→ **EXERCISE DATA**
· · ·

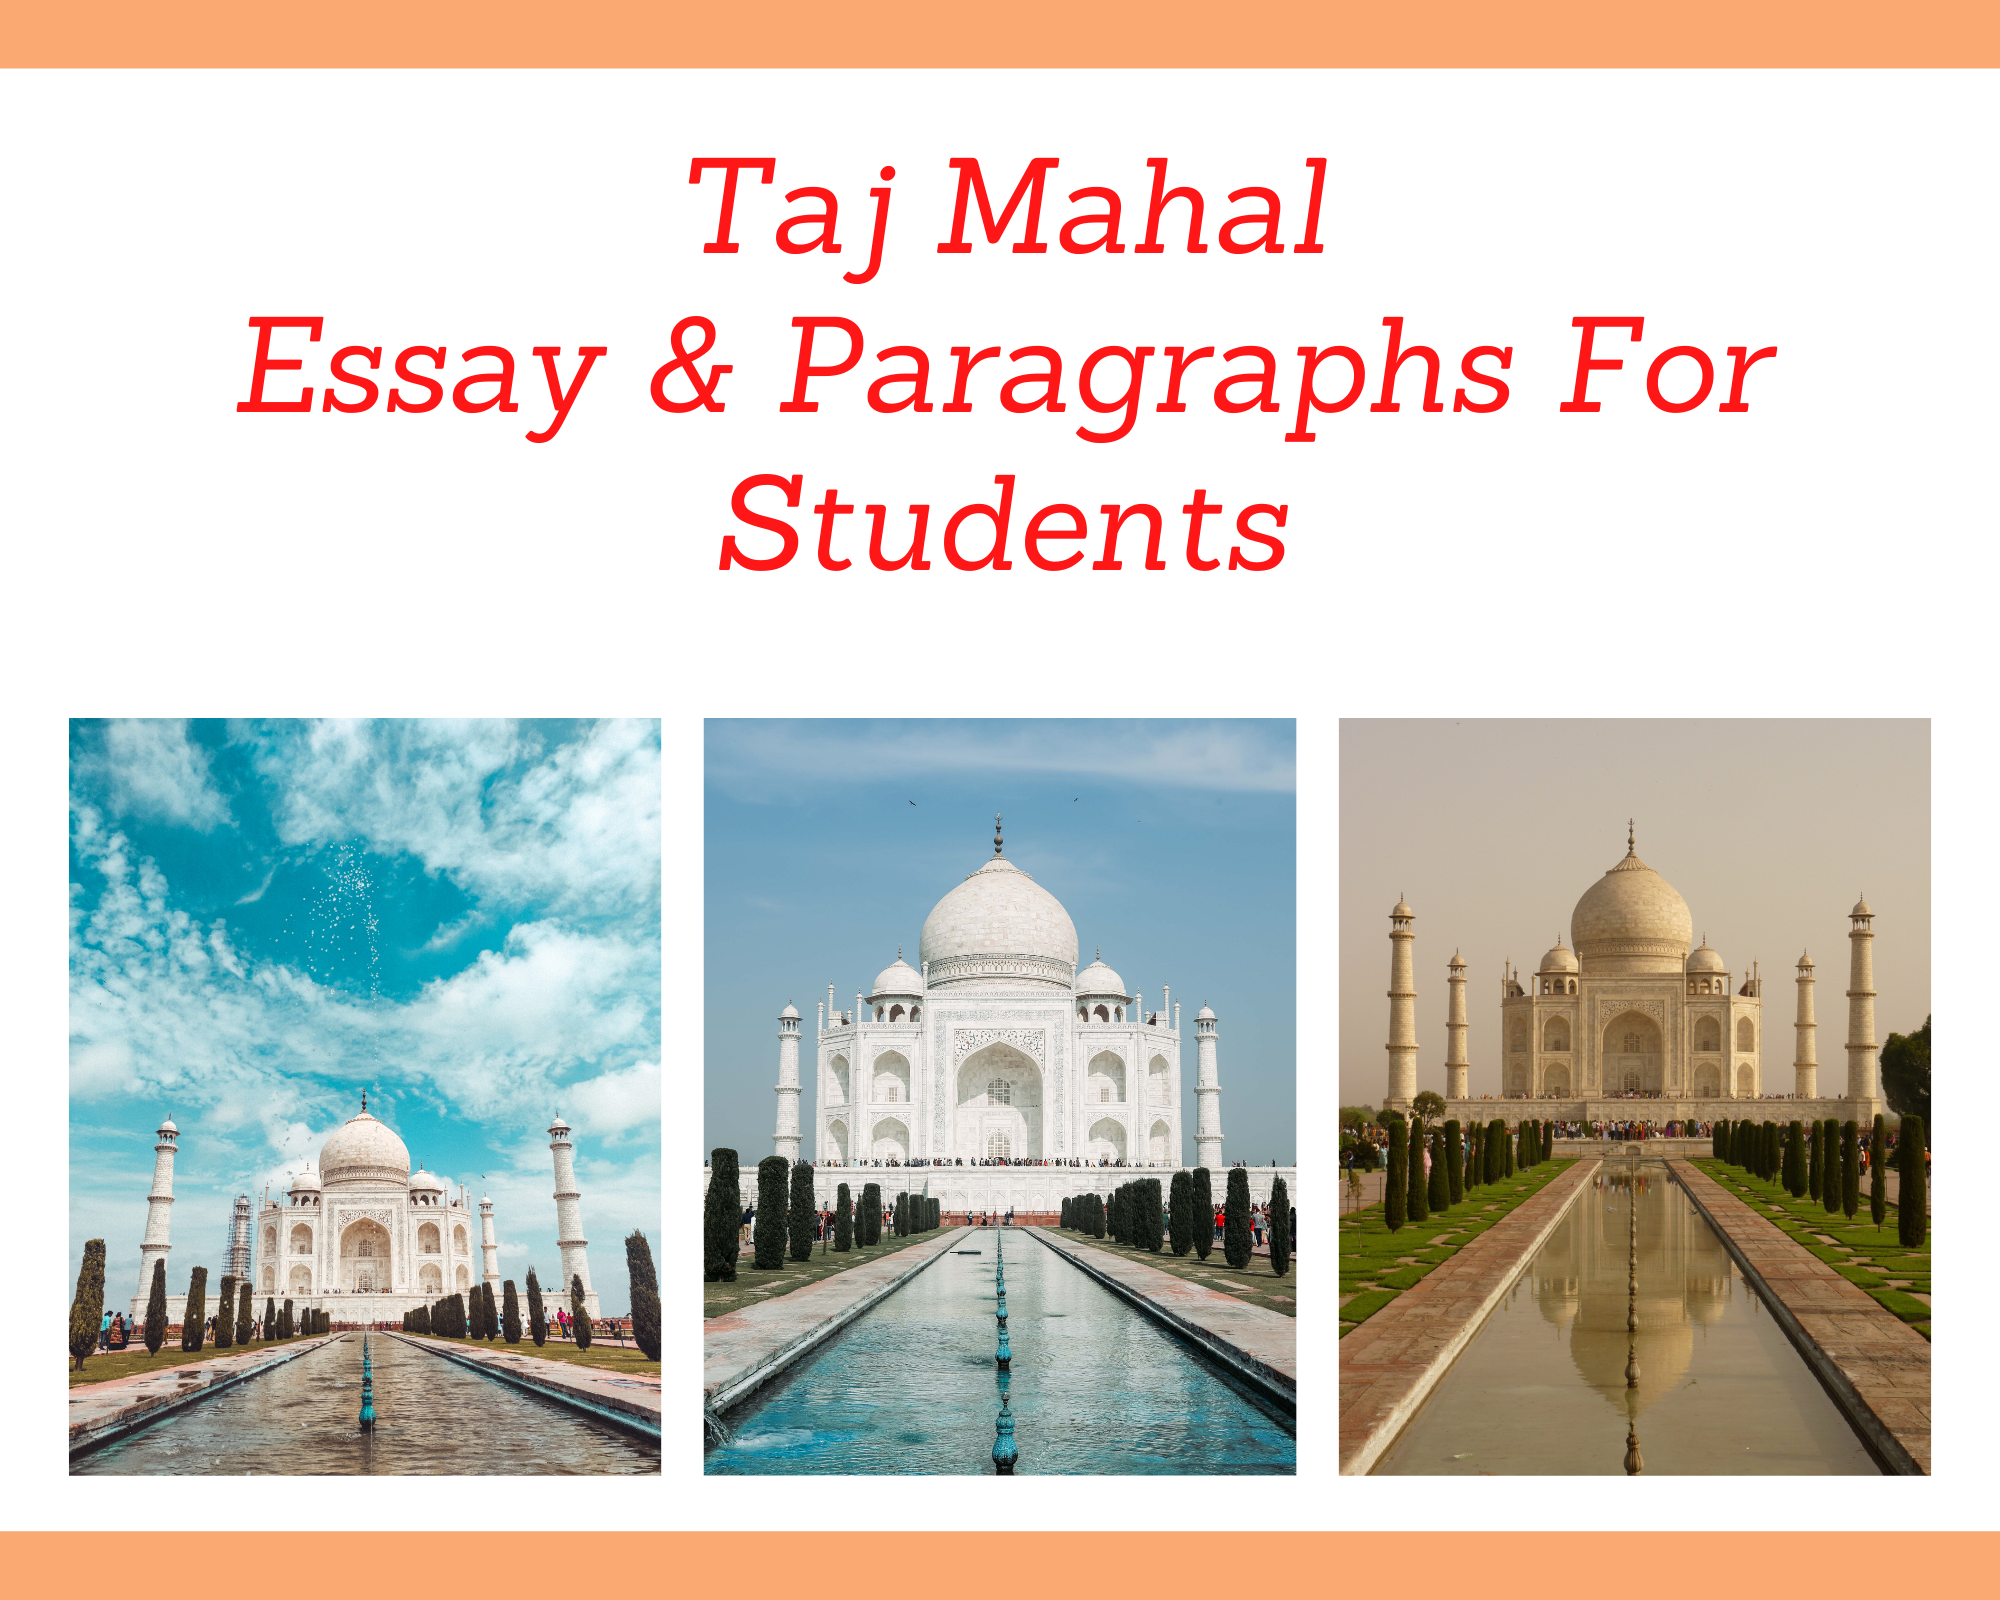 Essay on Taj Mahal
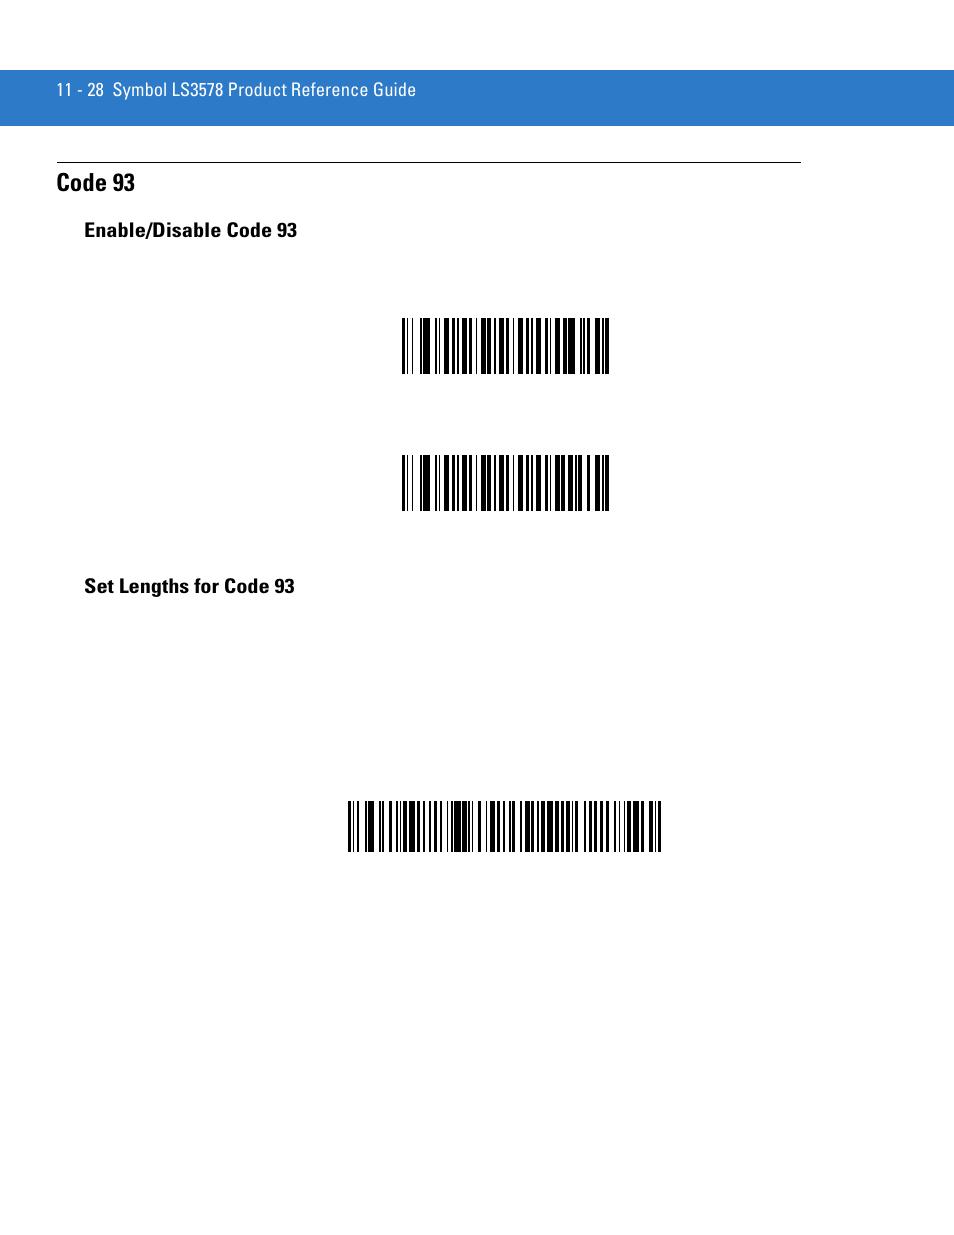 Code 93 Enabledisable Code 93 Set Lengths For Code 93 Motorola
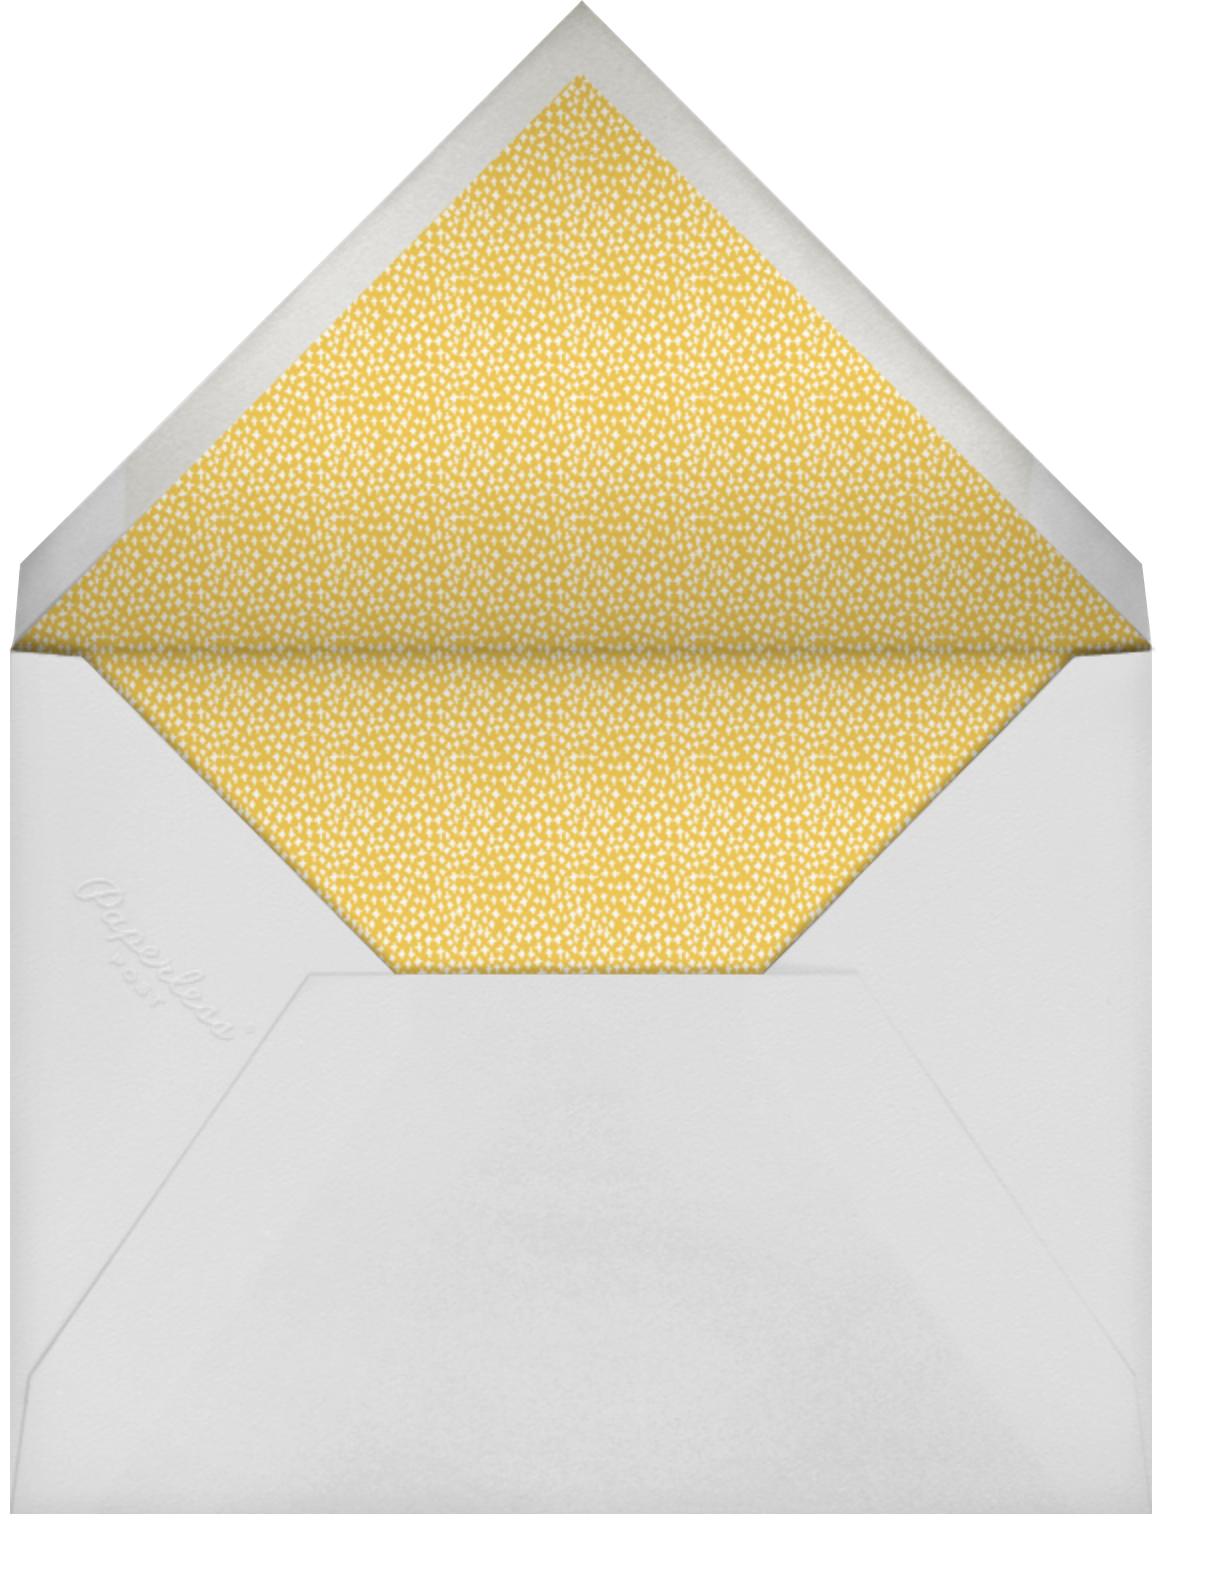 My Perception's Clouded - Mr. Boddington's Studio - Baby shower - envelope back
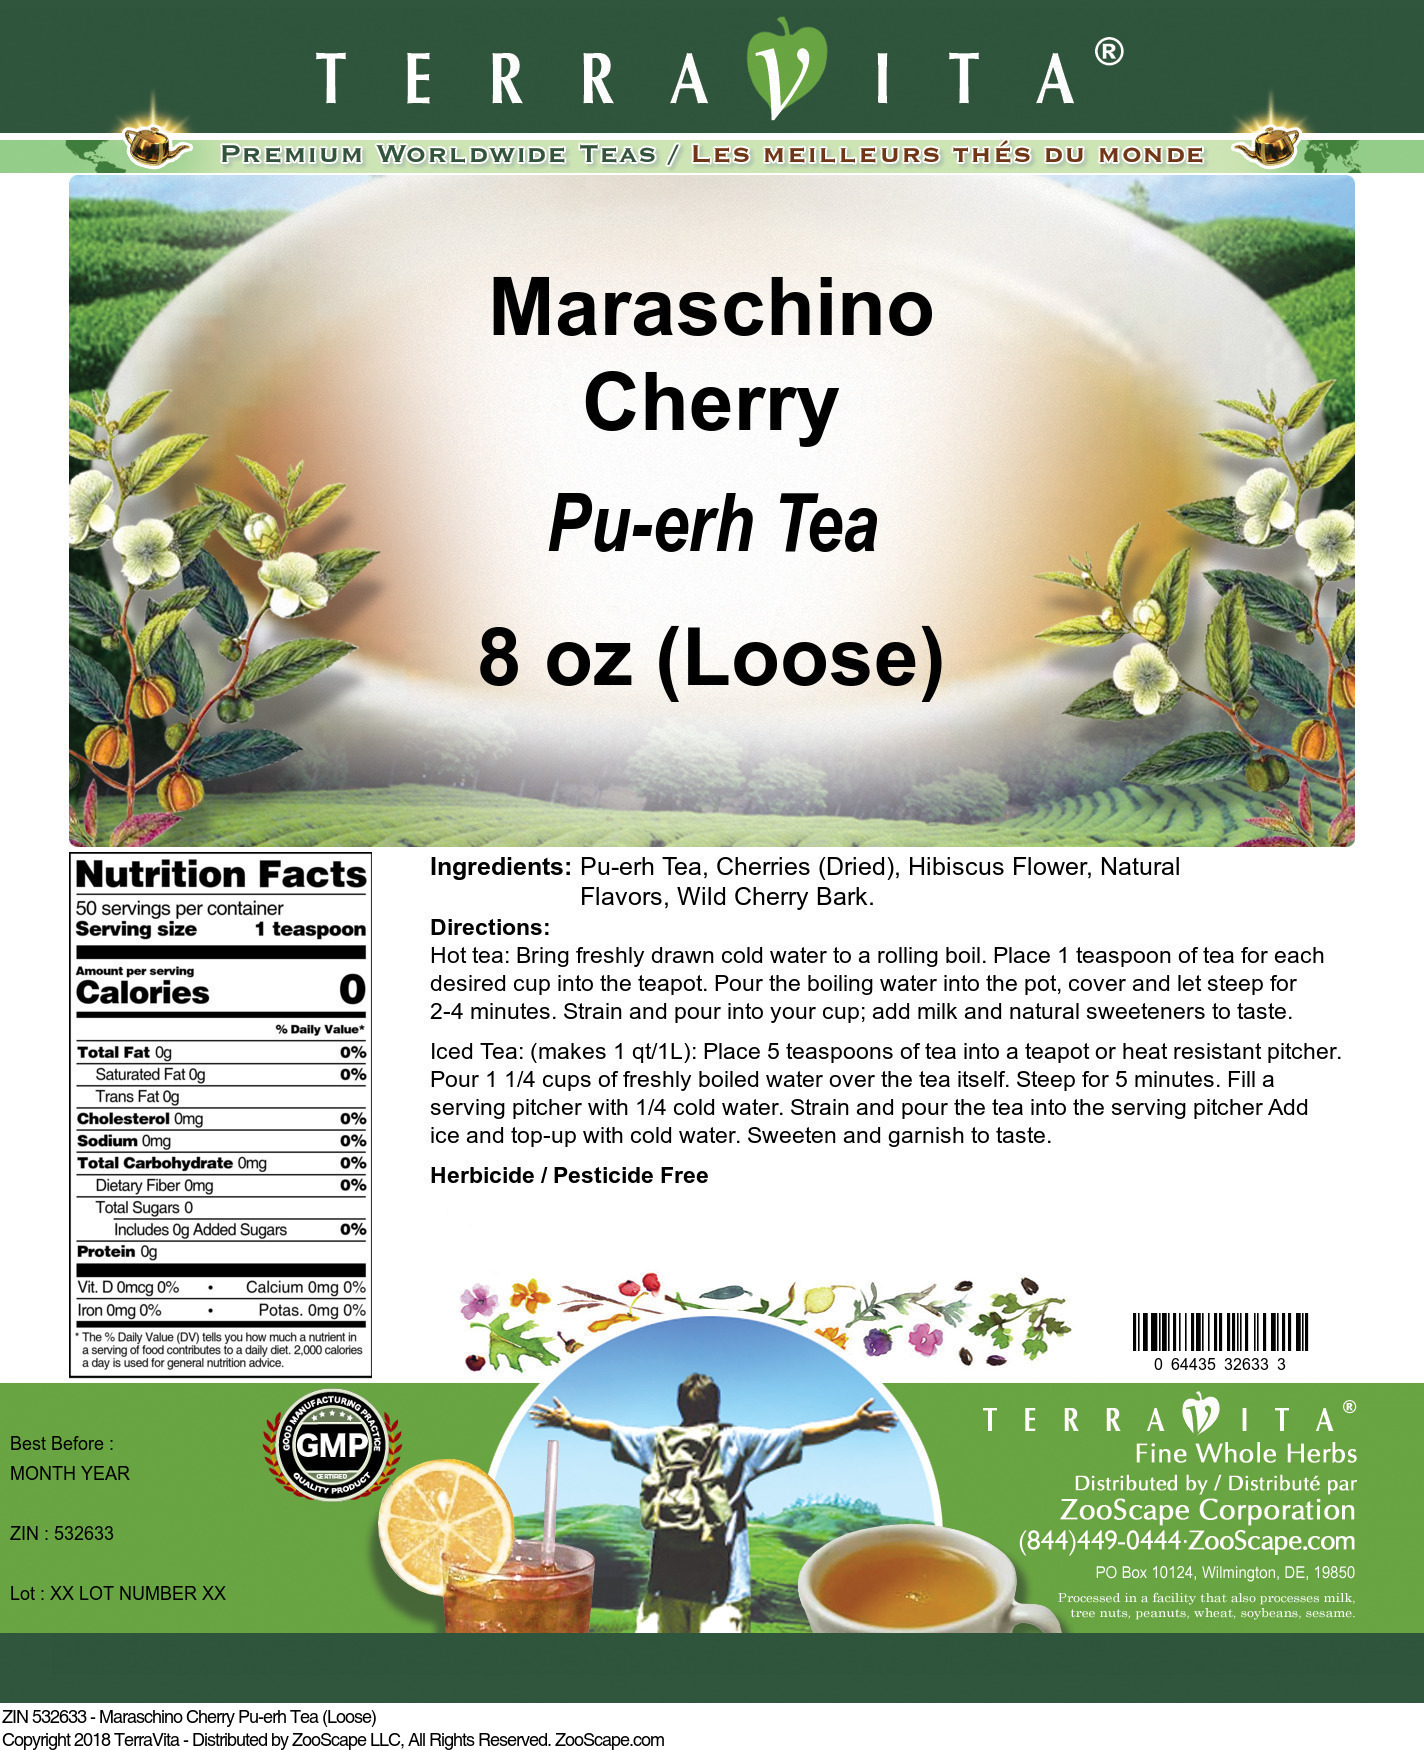 Maraschino Cherry Pu-erh Tea (Loose)

· · ·

Copy the full listing above exactly, apart from the pictures.

 Essay on Taj Mahal
 Code 93 Enabledisable Code 93 Set Lengths For Code 93 Motorola
 My Perception's Clouded - Mr. Boddington's Studio - Baby shower - envelope back
 Maraschino Cherry Pu-erh Tea (Loose)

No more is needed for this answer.